Machine Learning Enhanced Video Accessibility for Blind and Low Vision Individuals
Ilmi Yoon
Professor, Computer Science Dept.
San Francisco State University
04/07/2021
The blind or visually impaired often miss out on the visual information conveyed through videos. The vast majority of online video material is currently not accessible to millions of visually-impaired people who would significantly benefit from improved access to videos for education, employment, and entertainment purposes.
This work addresses two major issues:
- Enhancing video accessibility for blind or visually-impaired individuals.
- Generating well-structured training data to advance the state of the art in video understanding.
How Do Film, Television, and other Media Influence Girls to Pursue STEM?
Kim Bishop
Mechanical Engineer
04/14/2021
What types of female STEM role models do girls see in television and film today? Are they represented at all? We will explore what the current STEM media landscape looks like, what plans are for the future, and how STEM professionals and media professionals can work together to expand female STEM roles in media.

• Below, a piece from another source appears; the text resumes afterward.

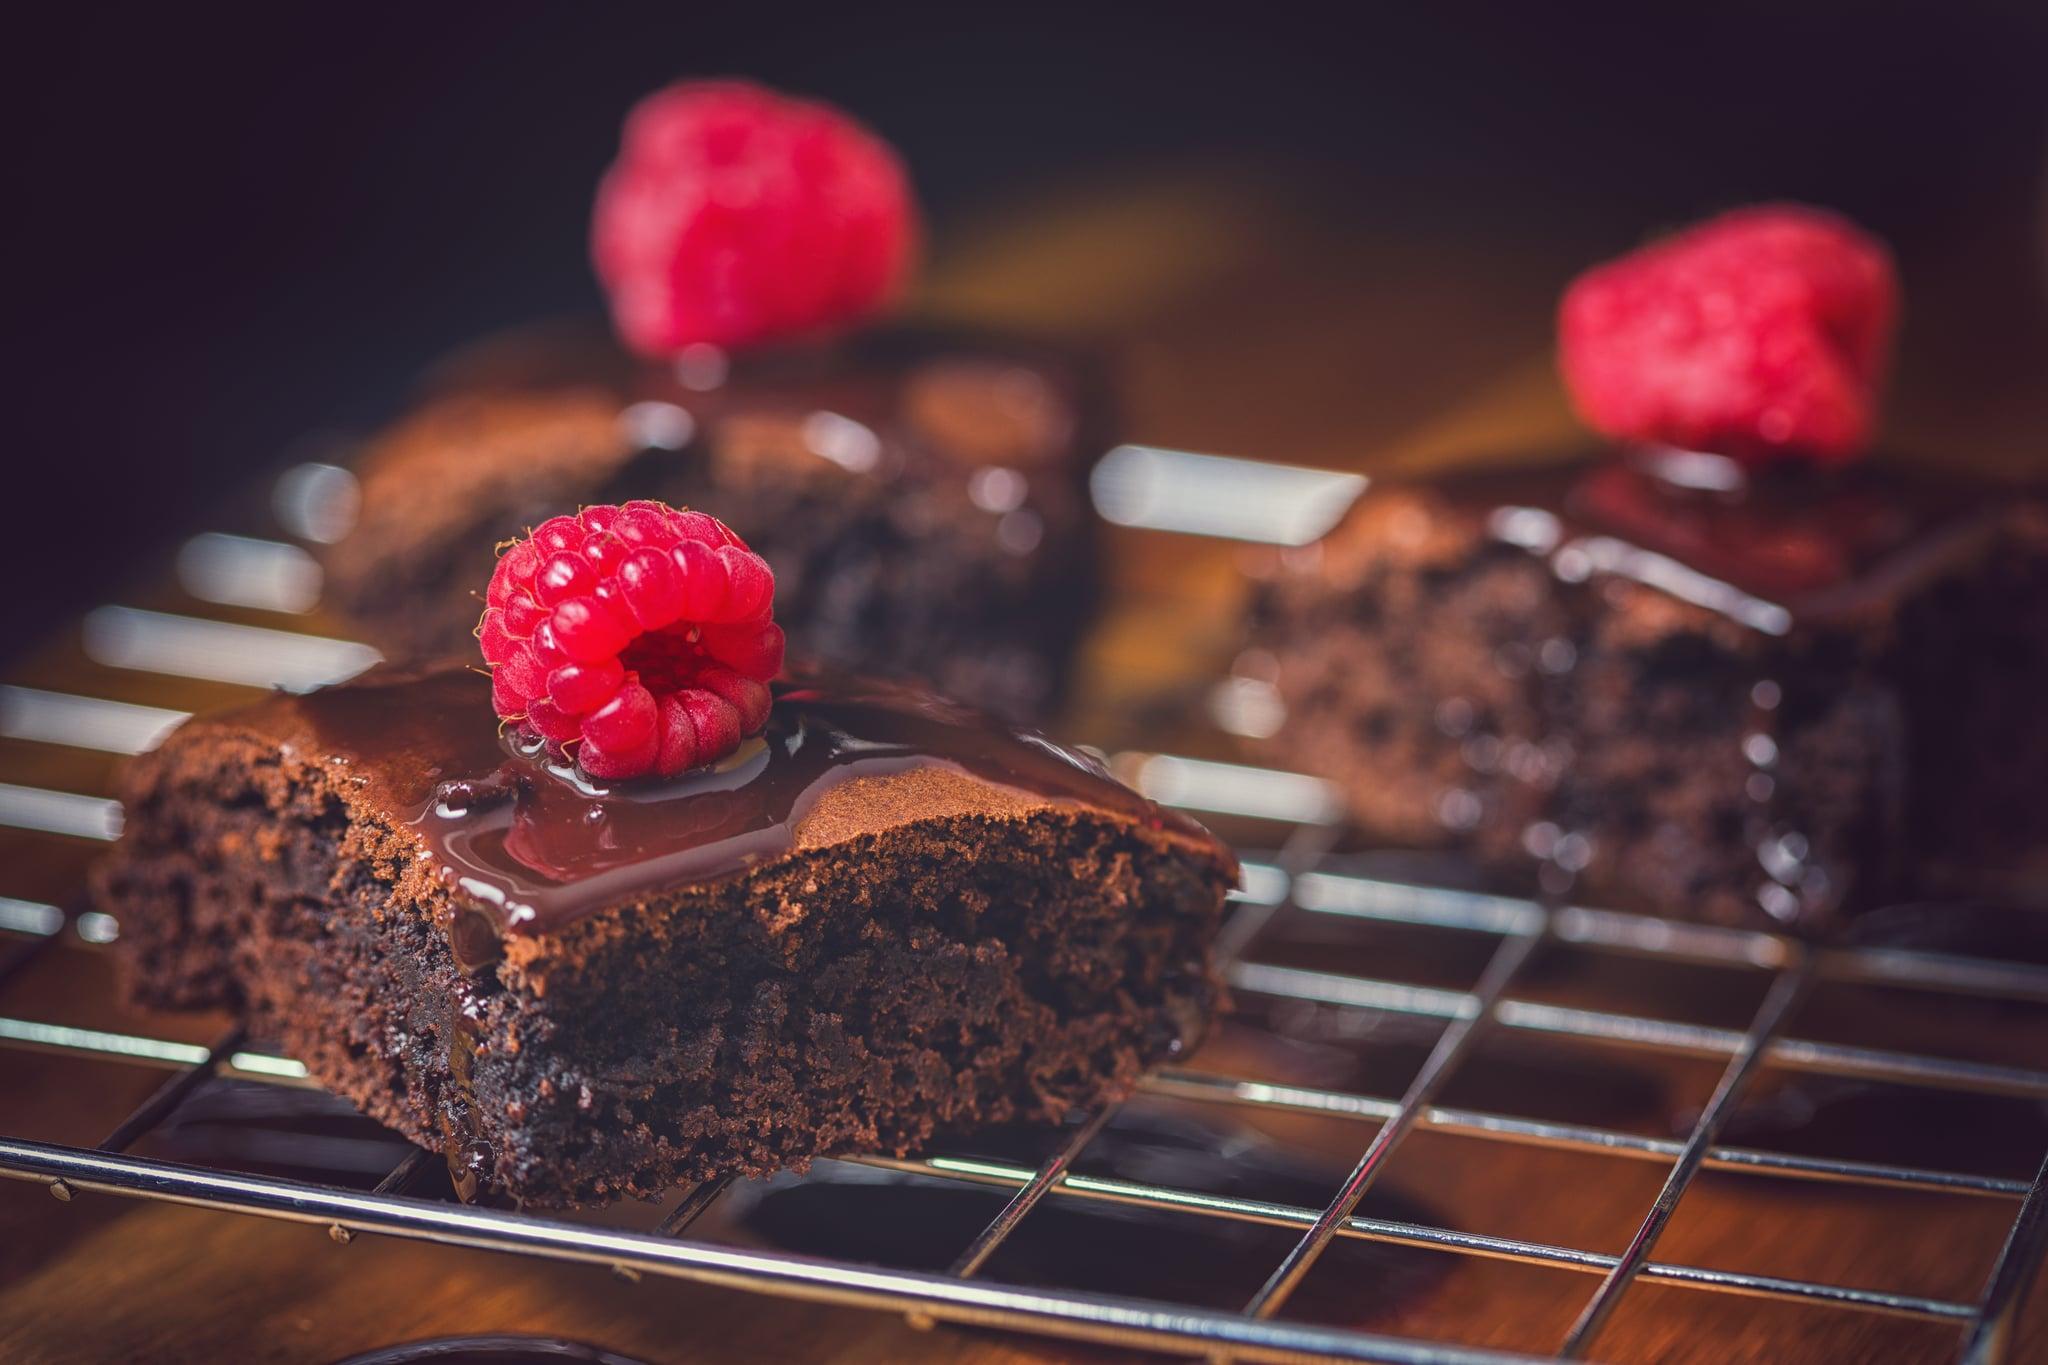 Freshly made chocolate brownies with raaspberries

Advanced Software Design Project - CS 470 - Virtual Showcase
Anamary Leal
Assistant Professor, Computer Science Dept.
Sonoma State University
04/28/2021
Dr. Leal will facilitate a virtual showcase of students’ advanced software design projects from CS 470 this semester.
Spring 2021 Short Presentations Of Student Research
STUDENT PRESENTATIONS
05/05/2021
Short presentations of research carried out by Sonoma State Computer Science Students.